Baca artikel IDN Times lainnya di IDN App
For
You

5 Sebab Mencintai dan Dicintai Bukan Perkara Mudah Buat Sebagian Orang

ilustrasi pasangan (pexels.com/Leeloo Thefirst)
ilustrasi pasangan (pexels.com/Leeloo Thefirst)

Bagi banyak orang mengira bahwa mencintai dan dicintai orang adalah hal mudah yang terjadi secara alami. Mereka tidak menyangkal rasa cinta yang timbul bahkan bergegas menunjukkannya pada orang yang dikasihi. Ketika mereka mendapatkan tempat di hati orang lain pun, dengan gembira mereka akan menikmatinya.

Akan tetapi untuk sebagian orang, mencintai dan dicintai bukanlah sesuatu yang sederhana. Mereka justru seperti bertarung dengan diri sendiri saban rasa cinta menyapa. Baik di pihak yang mencintai maupun dicintai, inilah dilema yang kerap mereka rasakan.

1. Ada rasa trauma yang membuat ragu akan ketulusan cinta

ilustrasi seorang pria (pexels.com/Andrea Piacquadio)
ilustrasi seorang pria (pexels.com/Andrea Piacquadio)

Semua akan berpamrih pada akhirnya. Inilah yang kerap dipikirkan oleh mereka yang masih harus belajar banyak tentang cinta. Sebuah pengalaman telah menorehkan rasa trauma dalam dirinya. Pengalaman yang menunjukkan bahwa cinta tak lebih dari sekedar transaksi.

Ada harga yang harus dibayar untuk rasa cinta. Makin tinggi harga yang mampu kita berikan, makan makin mudah perasaan orang lain ditaklukkan. Sebaliknya kalau kita tak punya apa-apa untuk ditawarkan, yang sempat dekat pun akan seketika menjauh.

2. Ada ego yang harus diredam agar dapat memberi perhatian pada orang yang dicintai

ilustrasi perempuan (pexels.com/Eugene Lisyuk)
ilustrasi perempuan (pexels.com/Eugene Lisyuk)

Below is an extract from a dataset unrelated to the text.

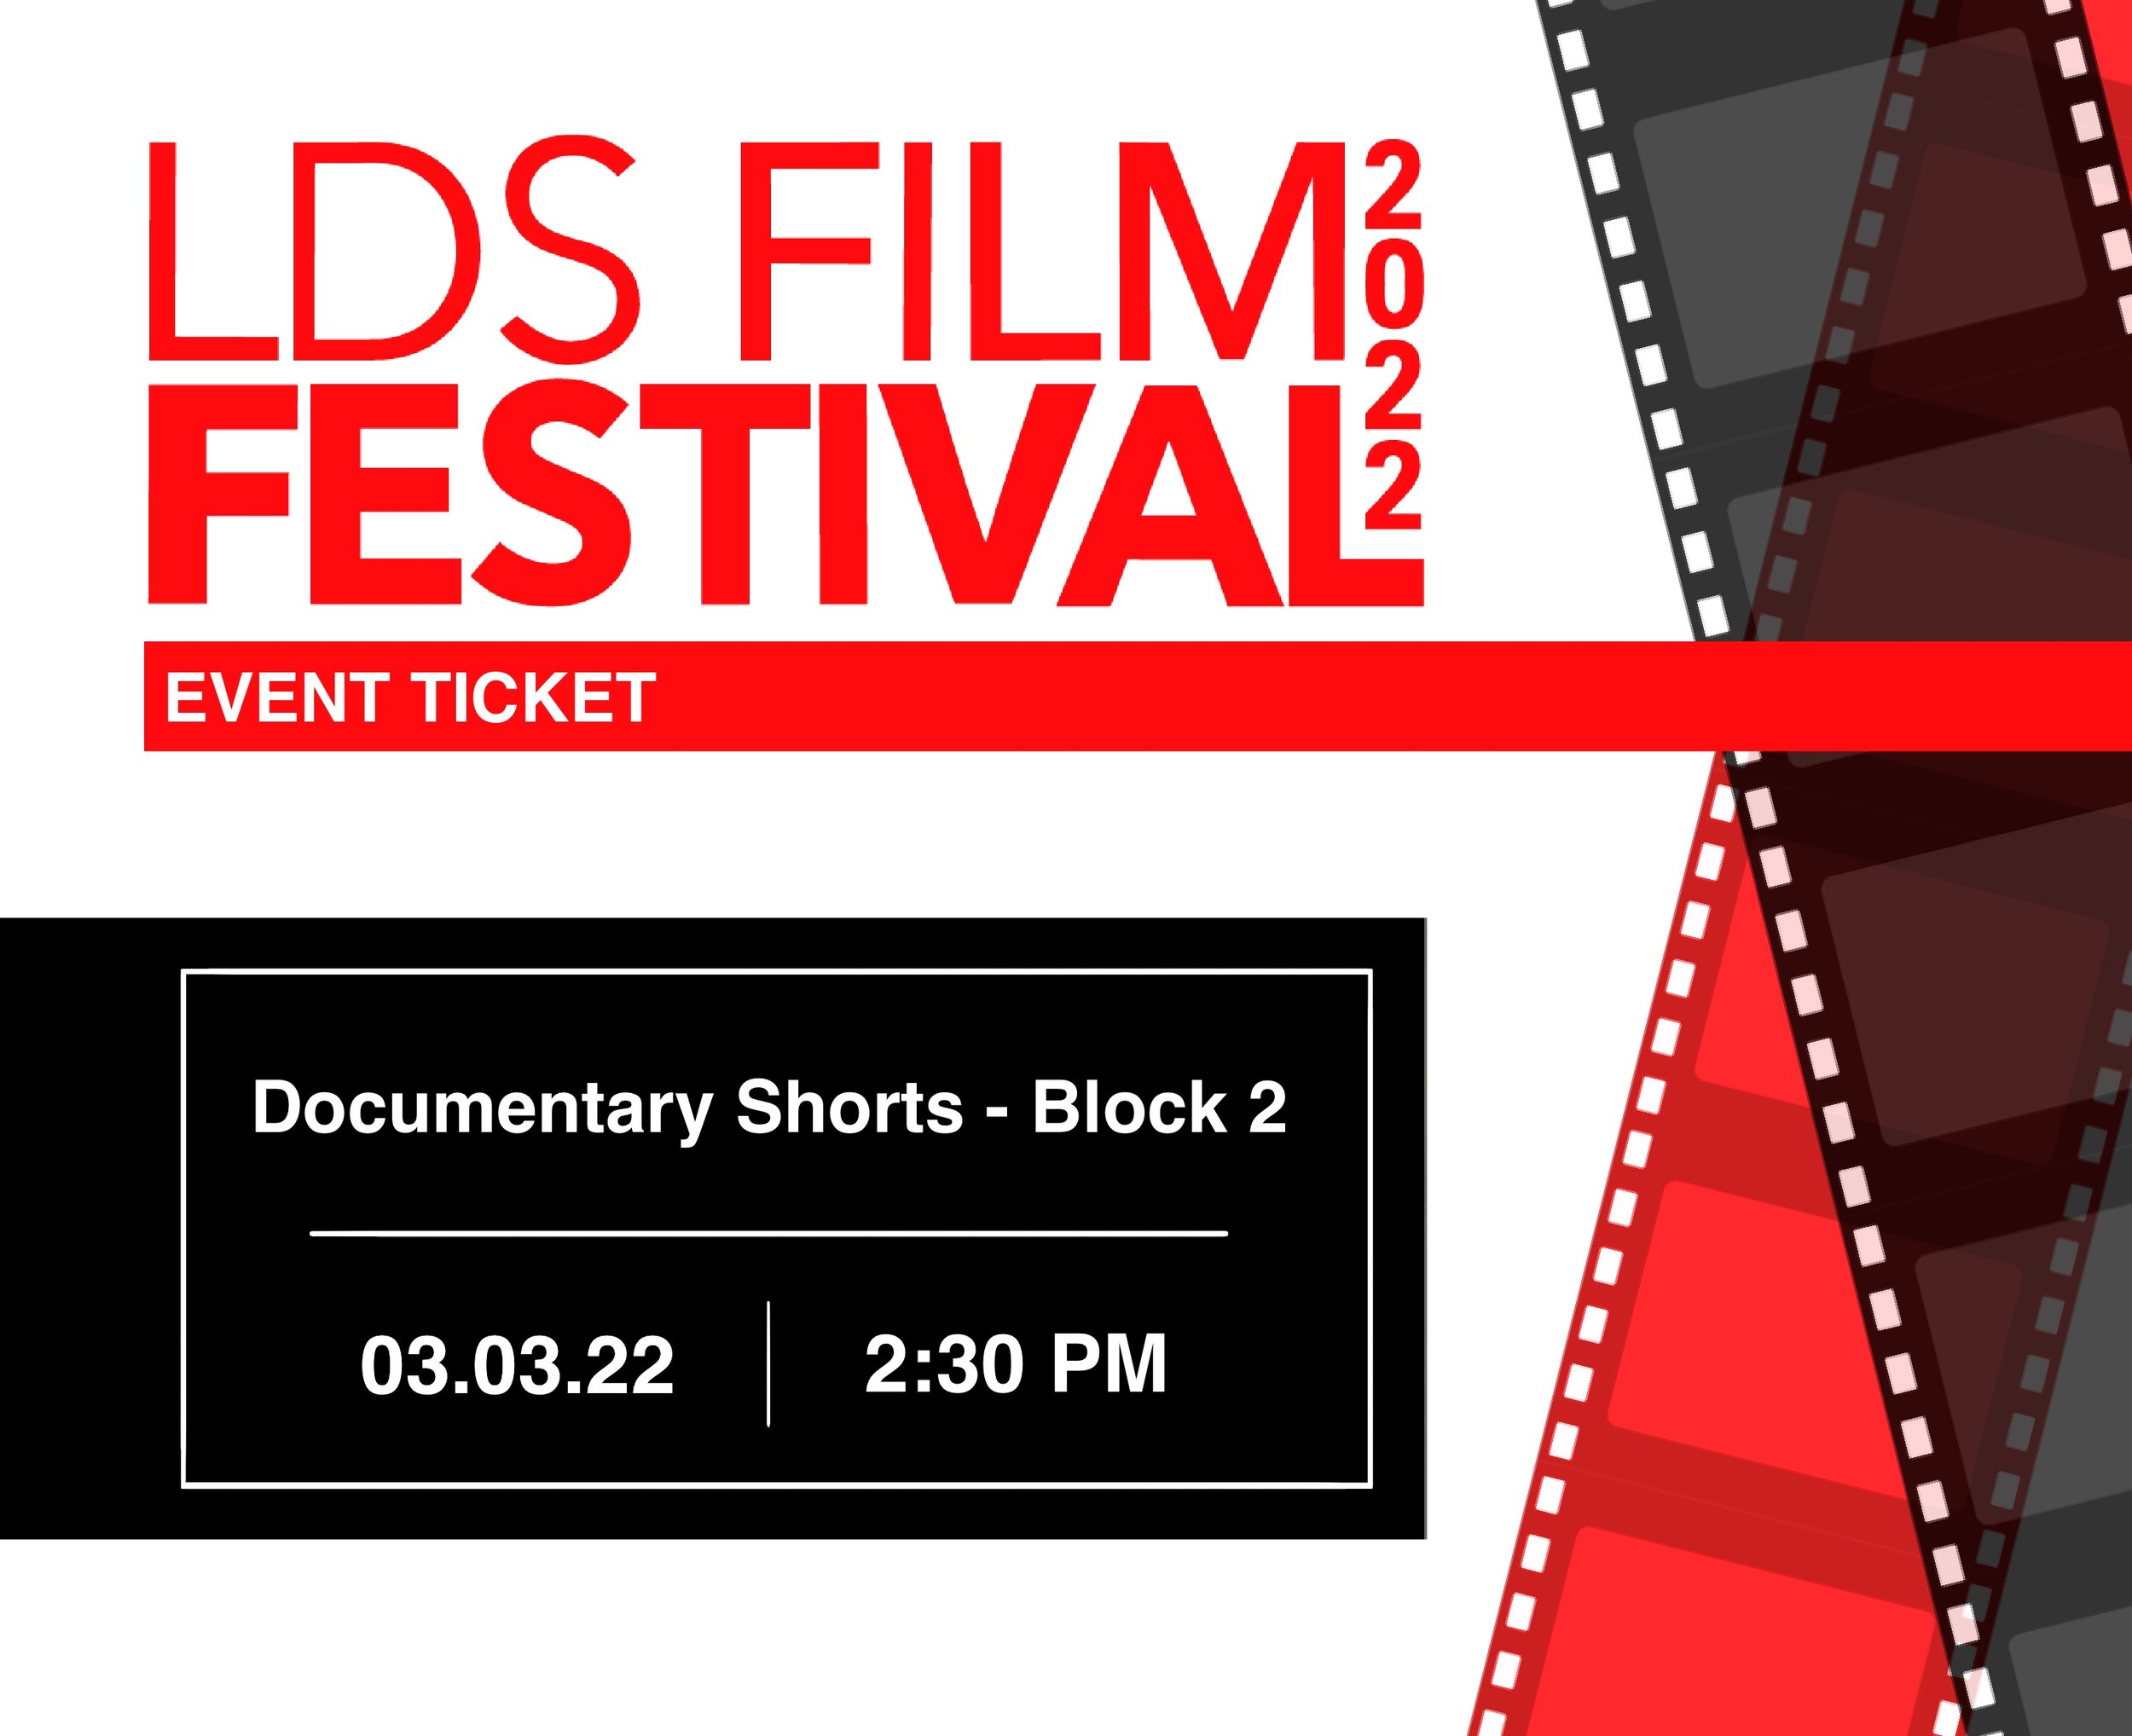 DOC SHORT - Block 203.03.22 | 2:30 PM Showhouse II Theatre - Block 2 screenings include: Bright Lights in the DesertThe Pilgrimage to MagdalenaPressed Floral Redeemed: The Sione Havili StoryQ&A’s with filmmakers

Hal pertama yang harus kita lakukan saat mencintai seseorang ialah mengikis ego pribadi. Sulit untuk kita dapat memberi kasih sayang, perhatian, sebagian dari diri dan hidup kita buat orang lain, jika masih memiliki ego yang tinggi.

Kita yang masih berfokus pada 'aku' akan kepayahan menjalankan perannya sebagai seorang kekasih. Kita mencintai tanpa mau berbagi. Menciptakan rasa perih dan lelah bagi sang kekasih karena kita hanya suka menerima bentuk-bentuk kasih sayangnya dan menolak berbuat serupa padanya.

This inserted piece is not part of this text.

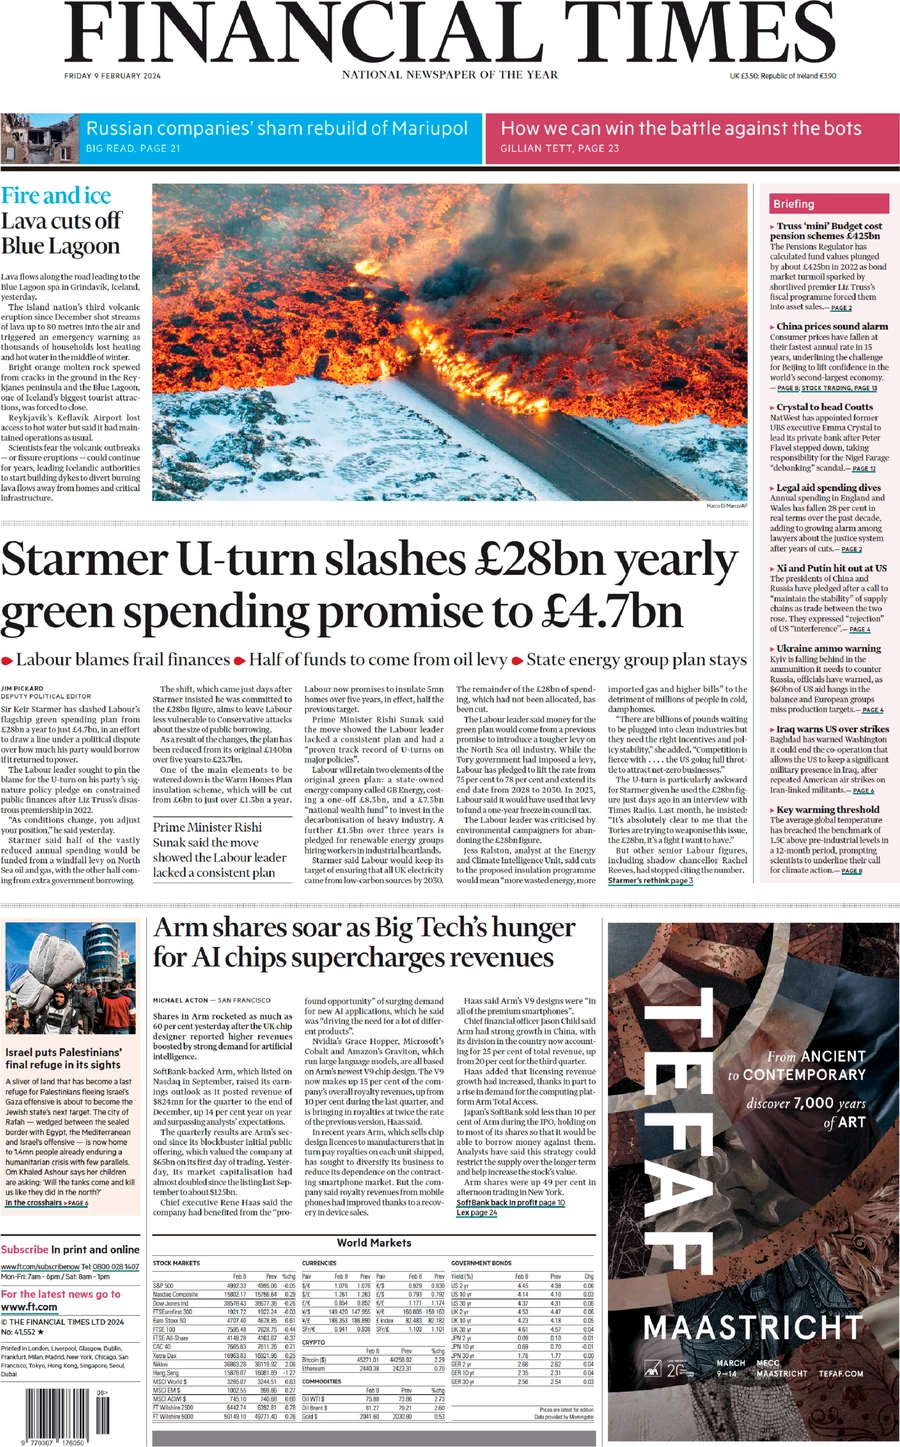 Financial Times - Starmer U-turn slashes £28bn yearly green spending promise to £4.7bn 

3. Ada ketakutan terlihat tidak sempurna

ilustrasi pasangan (pexels.com/itsmeseher)
ilustrasi pasangan (pexels.com/itsmeseher)

Ketika cinta bersambut maka kita harus siap menelanjangi diri. Kita tidak mungkin selamanya hanya menonjolkan kelebihan dan mengingkari sisi lemah diri di hadapan pujaan hati. Justru dia yang akan mengetahui setiap kekurangan kita, menyingkapnya seperti tangan menyibak tabir.

Ketika banyak orang merasa lega dengan hal ini karena berharap penerimaan penuh dari pasangannya, kita justru cemas. Seolah-olah tiada rasa percaya bahwa pasangan mampu bahkan tidak mempersoalkan beberapa kekurangan kita. Ketakutan bakal tampak tidak sempurna inilah yang selalu menciptakan jarak antara kita dengan orang yang dicintai.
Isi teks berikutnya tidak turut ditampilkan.